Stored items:

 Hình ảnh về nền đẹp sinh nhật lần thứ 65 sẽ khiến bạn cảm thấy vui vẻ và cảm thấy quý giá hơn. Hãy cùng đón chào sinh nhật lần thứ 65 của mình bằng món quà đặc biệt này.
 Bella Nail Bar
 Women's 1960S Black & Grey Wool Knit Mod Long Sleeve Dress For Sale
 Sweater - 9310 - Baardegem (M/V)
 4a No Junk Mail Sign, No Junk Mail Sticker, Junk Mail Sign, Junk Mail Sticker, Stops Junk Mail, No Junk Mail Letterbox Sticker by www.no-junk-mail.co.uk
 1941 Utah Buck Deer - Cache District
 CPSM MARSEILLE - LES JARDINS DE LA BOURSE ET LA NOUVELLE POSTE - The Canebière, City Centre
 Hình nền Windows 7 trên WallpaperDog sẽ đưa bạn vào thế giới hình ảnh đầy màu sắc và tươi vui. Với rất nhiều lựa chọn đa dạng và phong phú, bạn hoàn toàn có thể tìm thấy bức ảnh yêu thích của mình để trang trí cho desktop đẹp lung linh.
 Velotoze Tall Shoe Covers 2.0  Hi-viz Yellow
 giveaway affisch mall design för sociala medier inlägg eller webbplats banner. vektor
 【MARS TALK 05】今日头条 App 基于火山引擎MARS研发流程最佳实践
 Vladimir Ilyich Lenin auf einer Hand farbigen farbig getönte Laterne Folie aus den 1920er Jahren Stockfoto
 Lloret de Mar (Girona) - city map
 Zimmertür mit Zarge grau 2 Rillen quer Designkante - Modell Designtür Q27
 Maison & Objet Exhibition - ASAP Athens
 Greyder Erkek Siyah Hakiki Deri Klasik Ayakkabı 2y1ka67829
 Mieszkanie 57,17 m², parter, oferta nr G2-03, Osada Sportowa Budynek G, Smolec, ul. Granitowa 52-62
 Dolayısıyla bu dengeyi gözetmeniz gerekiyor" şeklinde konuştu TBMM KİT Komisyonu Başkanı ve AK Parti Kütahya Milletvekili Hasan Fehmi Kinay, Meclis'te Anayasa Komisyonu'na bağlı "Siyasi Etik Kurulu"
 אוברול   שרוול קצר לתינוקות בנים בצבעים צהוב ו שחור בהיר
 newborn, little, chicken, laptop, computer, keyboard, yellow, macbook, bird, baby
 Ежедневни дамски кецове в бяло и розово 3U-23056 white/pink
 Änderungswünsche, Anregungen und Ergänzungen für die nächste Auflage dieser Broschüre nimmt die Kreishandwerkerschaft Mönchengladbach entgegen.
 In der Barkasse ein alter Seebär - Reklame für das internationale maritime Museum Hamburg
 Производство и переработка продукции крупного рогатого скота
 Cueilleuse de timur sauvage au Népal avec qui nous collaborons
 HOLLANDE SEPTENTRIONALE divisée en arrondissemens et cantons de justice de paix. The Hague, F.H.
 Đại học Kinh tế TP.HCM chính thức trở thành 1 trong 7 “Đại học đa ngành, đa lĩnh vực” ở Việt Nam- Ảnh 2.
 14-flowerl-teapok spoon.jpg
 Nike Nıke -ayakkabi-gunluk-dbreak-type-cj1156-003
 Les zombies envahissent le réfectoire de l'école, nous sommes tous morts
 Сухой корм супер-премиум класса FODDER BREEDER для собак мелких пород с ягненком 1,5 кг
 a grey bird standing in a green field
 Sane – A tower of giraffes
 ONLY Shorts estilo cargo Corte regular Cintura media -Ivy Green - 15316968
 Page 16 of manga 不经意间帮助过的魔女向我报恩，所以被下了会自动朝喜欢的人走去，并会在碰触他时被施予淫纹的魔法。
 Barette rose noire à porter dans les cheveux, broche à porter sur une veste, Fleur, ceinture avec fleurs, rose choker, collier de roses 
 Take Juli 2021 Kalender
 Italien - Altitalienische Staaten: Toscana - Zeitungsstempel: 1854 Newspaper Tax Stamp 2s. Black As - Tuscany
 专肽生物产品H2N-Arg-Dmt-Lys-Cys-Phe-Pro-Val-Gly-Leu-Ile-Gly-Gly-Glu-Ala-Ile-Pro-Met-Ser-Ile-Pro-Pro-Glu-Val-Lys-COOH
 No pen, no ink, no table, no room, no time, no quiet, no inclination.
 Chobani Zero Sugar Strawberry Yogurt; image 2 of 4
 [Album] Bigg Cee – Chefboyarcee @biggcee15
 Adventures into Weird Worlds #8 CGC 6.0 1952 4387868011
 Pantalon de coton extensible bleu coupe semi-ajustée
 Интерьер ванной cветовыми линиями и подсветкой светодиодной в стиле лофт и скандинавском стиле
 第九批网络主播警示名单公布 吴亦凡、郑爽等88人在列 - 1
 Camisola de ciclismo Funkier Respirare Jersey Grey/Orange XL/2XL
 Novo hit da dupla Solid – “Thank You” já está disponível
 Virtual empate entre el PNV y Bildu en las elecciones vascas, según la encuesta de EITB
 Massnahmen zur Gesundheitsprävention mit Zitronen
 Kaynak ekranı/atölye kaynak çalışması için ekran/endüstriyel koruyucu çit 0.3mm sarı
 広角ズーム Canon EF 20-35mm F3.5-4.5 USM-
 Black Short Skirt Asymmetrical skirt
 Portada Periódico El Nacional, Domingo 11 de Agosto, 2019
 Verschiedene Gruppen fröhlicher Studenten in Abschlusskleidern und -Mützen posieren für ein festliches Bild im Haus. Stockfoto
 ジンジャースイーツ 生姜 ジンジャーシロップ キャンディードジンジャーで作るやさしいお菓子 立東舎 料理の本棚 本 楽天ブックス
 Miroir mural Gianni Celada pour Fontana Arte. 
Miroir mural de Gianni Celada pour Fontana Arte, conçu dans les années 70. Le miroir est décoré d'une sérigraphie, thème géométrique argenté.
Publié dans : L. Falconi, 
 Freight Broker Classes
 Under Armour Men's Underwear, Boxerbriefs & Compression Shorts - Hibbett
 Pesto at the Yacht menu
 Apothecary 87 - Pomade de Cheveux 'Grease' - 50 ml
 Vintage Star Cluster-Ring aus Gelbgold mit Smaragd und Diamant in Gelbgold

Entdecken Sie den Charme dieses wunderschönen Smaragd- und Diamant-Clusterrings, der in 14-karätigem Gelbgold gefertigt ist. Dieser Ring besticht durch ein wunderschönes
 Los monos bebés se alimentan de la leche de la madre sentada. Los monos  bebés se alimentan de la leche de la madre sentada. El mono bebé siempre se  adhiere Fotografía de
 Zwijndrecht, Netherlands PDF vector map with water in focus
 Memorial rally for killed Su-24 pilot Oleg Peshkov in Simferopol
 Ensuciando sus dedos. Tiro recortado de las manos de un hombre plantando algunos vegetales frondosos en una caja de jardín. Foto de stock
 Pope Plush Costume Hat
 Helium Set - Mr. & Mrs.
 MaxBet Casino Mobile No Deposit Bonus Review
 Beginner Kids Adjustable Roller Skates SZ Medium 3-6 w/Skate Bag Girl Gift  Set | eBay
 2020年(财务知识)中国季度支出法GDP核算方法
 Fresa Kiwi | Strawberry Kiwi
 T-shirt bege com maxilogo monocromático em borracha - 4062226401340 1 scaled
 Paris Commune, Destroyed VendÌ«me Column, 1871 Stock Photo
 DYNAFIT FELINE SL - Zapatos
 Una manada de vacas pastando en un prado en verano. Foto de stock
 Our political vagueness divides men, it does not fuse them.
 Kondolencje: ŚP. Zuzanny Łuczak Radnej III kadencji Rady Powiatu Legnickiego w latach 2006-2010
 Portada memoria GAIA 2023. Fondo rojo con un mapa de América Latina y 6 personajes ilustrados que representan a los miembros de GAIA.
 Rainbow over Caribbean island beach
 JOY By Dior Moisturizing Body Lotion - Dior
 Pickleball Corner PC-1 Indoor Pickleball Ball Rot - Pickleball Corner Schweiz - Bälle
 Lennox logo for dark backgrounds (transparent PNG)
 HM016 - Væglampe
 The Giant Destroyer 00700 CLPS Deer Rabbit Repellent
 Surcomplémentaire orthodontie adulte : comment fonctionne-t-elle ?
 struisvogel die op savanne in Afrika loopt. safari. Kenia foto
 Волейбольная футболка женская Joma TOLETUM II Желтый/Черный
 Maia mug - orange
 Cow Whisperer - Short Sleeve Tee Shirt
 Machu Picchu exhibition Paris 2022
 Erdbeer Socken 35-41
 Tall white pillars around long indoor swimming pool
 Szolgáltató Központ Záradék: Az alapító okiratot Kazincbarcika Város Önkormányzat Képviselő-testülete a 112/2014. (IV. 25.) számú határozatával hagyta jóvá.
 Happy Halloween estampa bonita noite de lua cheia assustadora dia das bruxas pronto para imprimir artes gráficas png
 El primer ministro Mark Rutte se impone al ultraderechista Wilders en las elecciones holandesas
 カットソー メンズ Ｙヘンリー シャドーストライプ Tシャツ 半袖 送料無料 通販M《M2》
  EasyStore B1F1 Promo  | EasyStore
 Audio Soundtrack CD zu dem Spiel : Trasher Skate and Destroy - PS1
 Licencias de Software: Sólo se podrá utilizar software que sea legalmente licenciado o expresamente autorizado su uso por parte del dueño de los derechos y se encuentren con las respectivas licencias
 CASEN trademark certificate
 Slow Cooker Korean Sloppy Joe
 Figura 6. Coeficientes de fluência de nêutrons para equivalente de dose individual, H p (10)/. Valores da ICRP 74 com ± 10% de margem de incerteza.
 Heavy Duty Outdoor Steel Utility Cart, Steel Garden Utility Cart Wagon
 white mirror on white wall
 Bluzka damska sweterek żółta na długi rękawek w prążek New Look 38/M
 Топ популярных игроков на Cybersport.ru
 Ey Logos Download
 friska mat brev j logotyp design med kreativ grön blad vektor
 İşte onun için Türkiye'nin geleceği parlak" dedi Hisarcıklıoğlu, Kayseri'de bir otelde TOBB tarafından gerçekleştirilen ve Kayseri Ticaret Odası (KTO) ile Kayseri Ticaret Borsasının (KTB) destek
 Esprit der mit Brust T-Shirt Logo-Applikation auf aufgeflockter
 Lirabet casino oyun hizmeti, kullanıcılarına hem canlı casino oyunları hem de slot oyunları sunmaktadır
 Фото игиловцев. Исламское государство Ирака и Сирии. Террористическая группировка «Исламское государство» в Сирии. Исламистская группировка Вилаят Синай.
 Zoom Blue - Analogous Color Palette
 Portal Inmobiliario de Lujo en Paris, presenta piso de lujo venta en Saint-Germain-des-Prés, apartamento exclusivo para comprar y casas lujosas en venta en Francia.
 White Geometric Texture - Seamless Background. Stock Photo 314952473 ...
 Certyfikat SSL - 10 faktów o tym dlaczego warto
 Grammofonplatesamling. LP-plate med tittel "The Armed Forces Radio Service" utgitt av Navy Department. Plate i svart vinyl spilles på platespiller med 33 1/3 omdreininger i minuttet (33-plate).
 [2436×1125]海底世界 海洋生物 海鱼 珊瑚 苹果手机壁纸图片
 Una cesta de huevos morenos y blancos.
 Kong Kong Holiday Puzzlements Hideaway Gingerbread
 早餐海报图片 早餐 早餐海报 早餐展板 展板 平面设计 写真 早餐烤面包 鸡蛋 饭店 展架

--- Work task ---
An answer is complete only when it holds every line above containing the string "Celada".

--- Response ---
 Miroir mural Gianni Celada pour Fontana Arte. 
Miroir mural de Gianni Celada pour Fontana Arte, conçu dans les années 70. Le miroir est décoré d'une sérigraphie, thème géométrique argenté.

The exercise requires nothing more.